======== Information shown ========

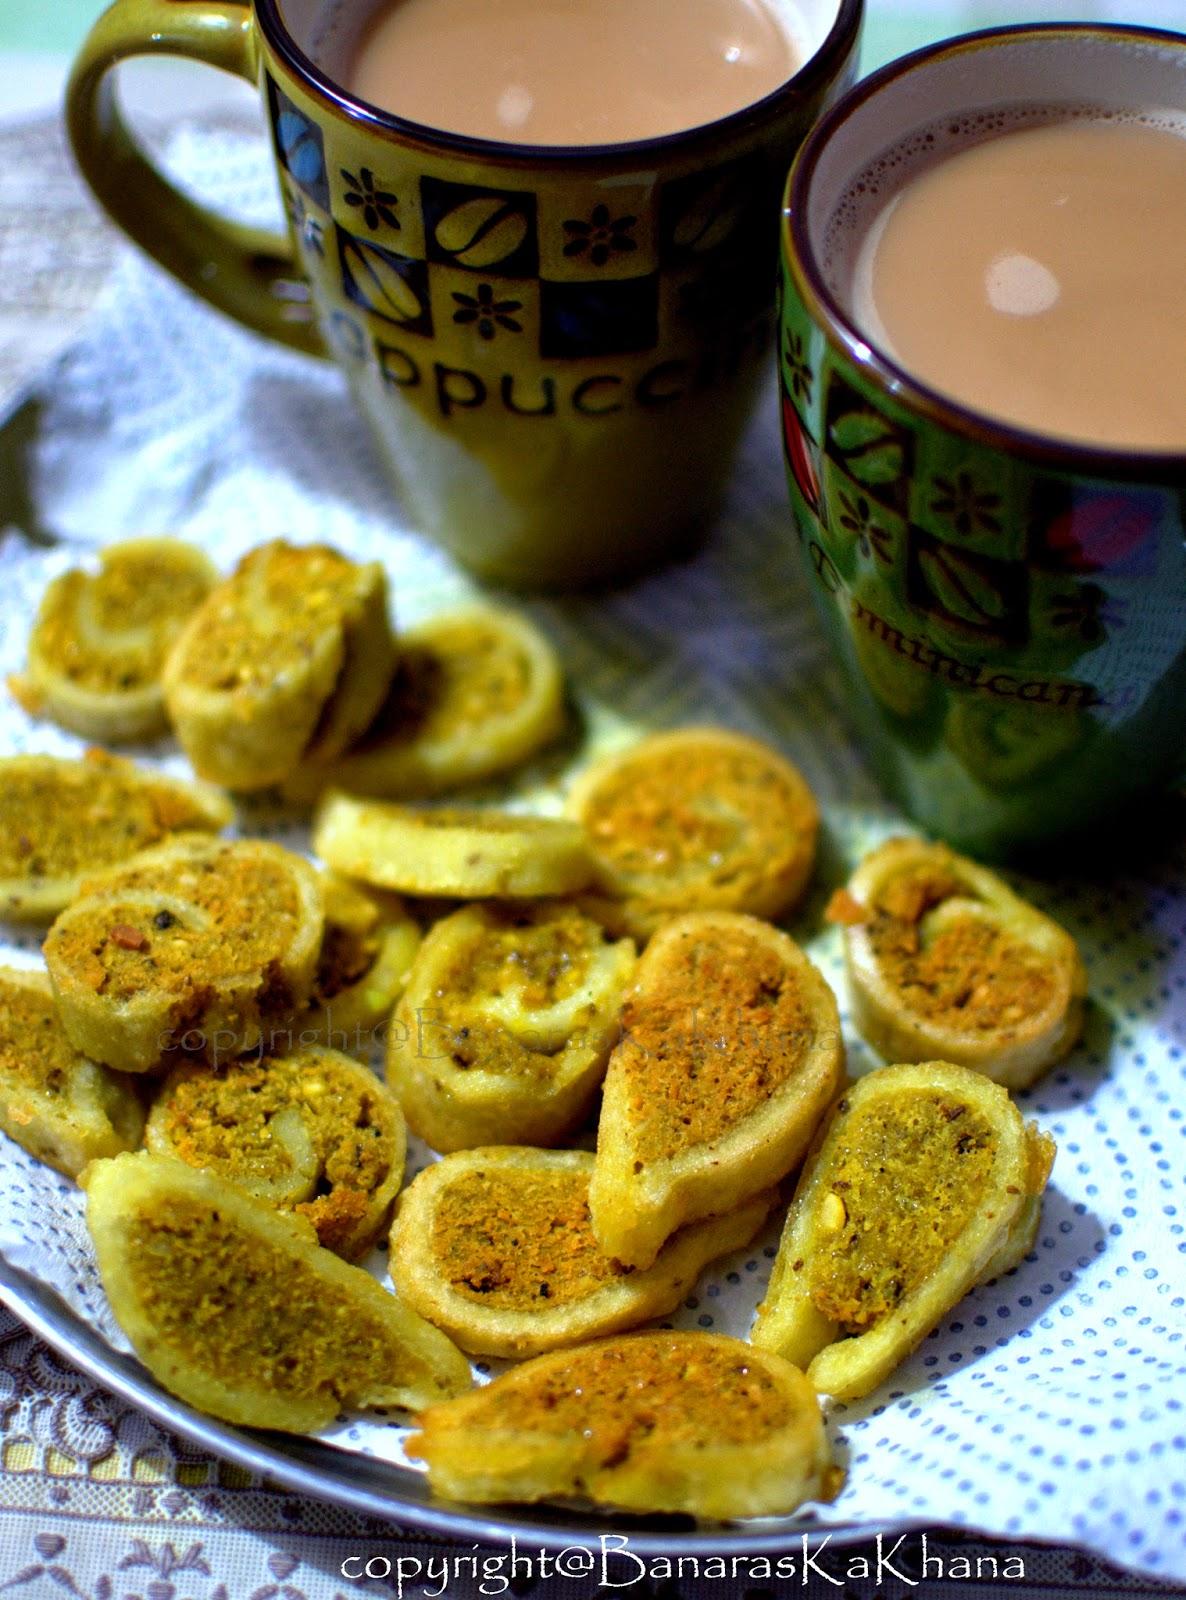 fara, goojha or peetha (steamed dumplings)
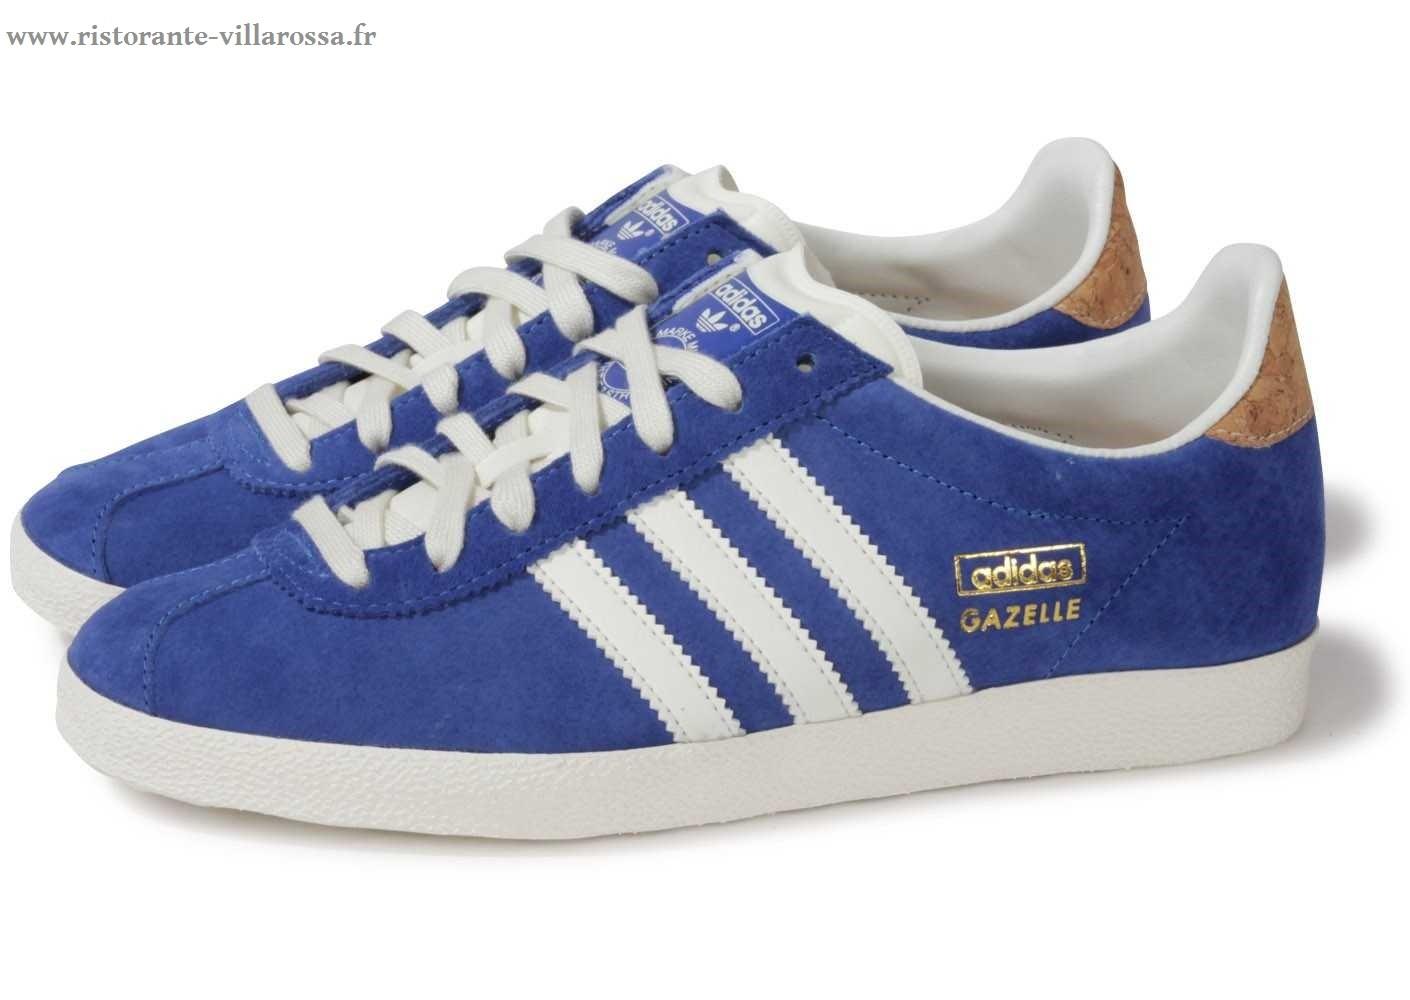 chaussure adidas femme bleue gazelle
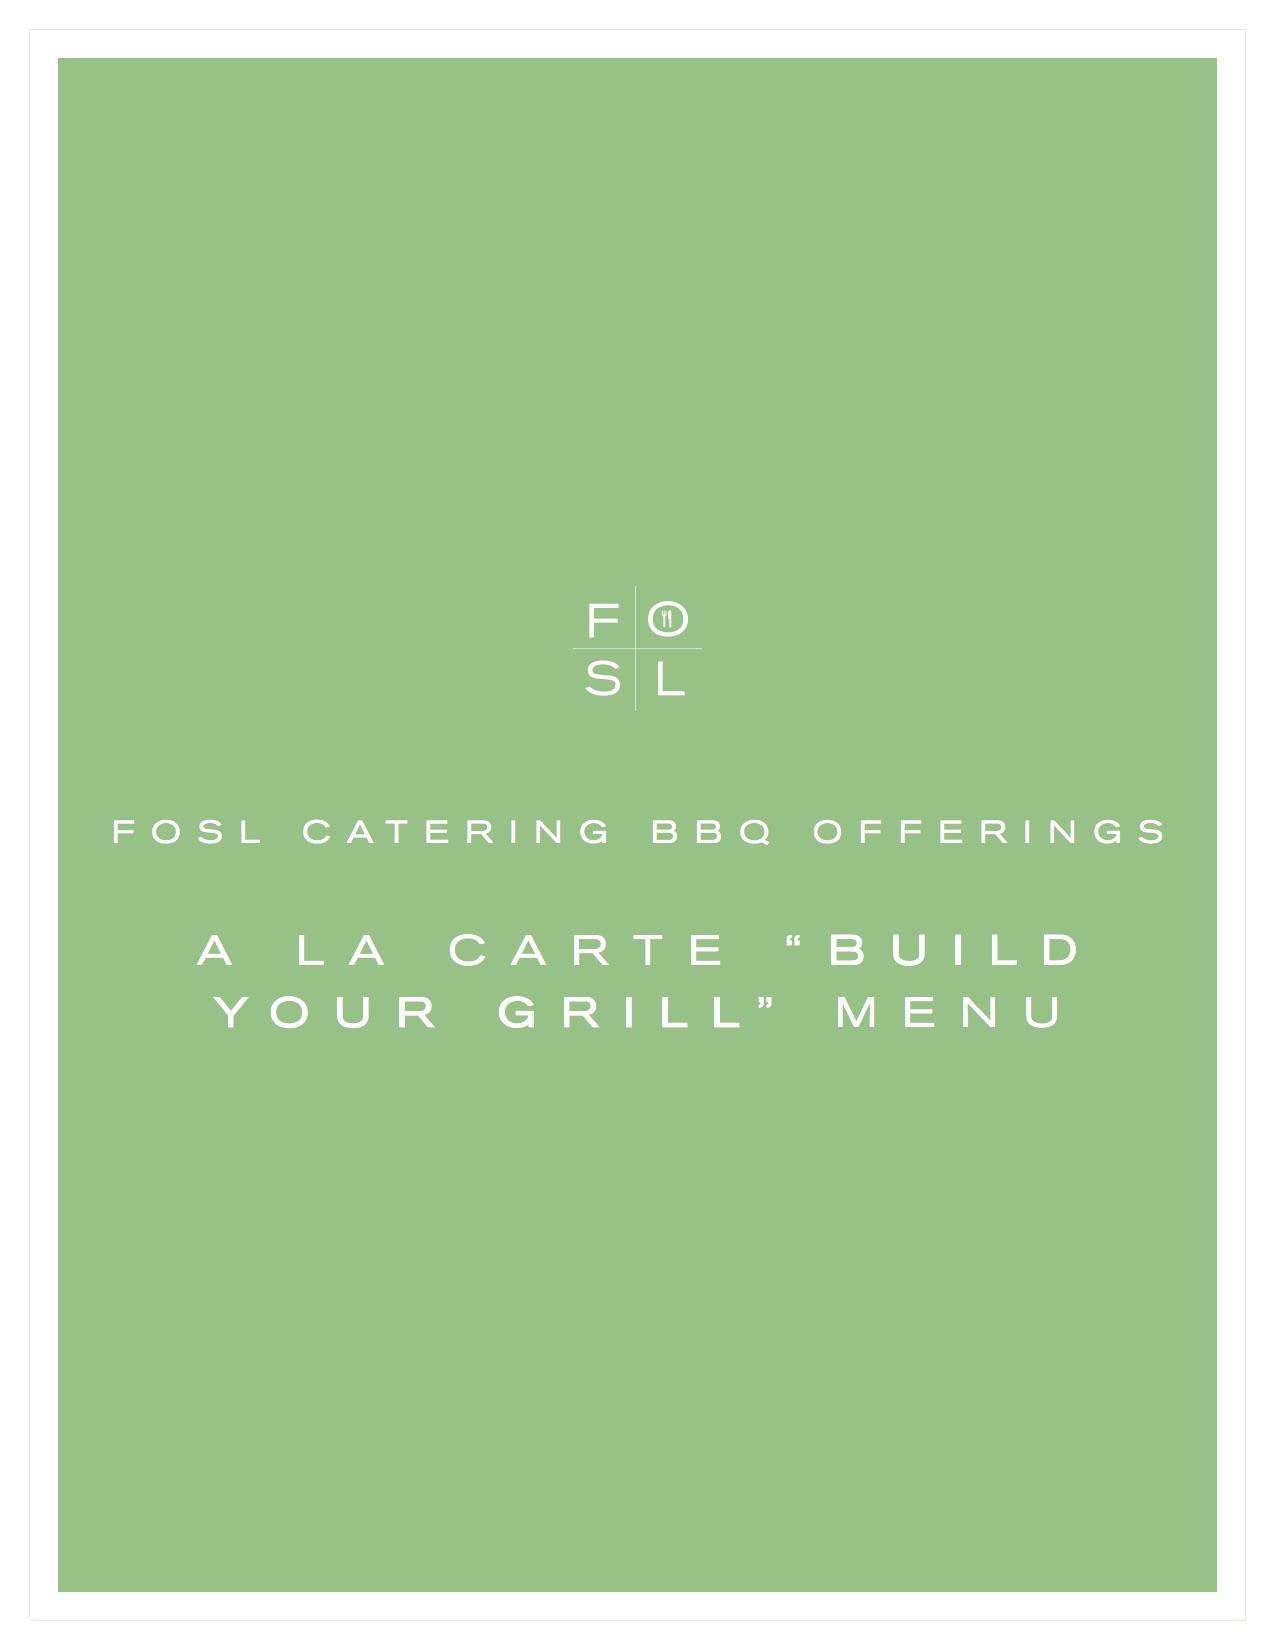 FOSL-Menu-BBQ.jpg

========

Would you return the whole listing above exactly as written, skipping any image?

* _Completed task_
 fara, goojha or peetha (steamed dumplings)
 chaussure adidas femme bleue gazelle
 FOSL-Menu-BBQ.jpg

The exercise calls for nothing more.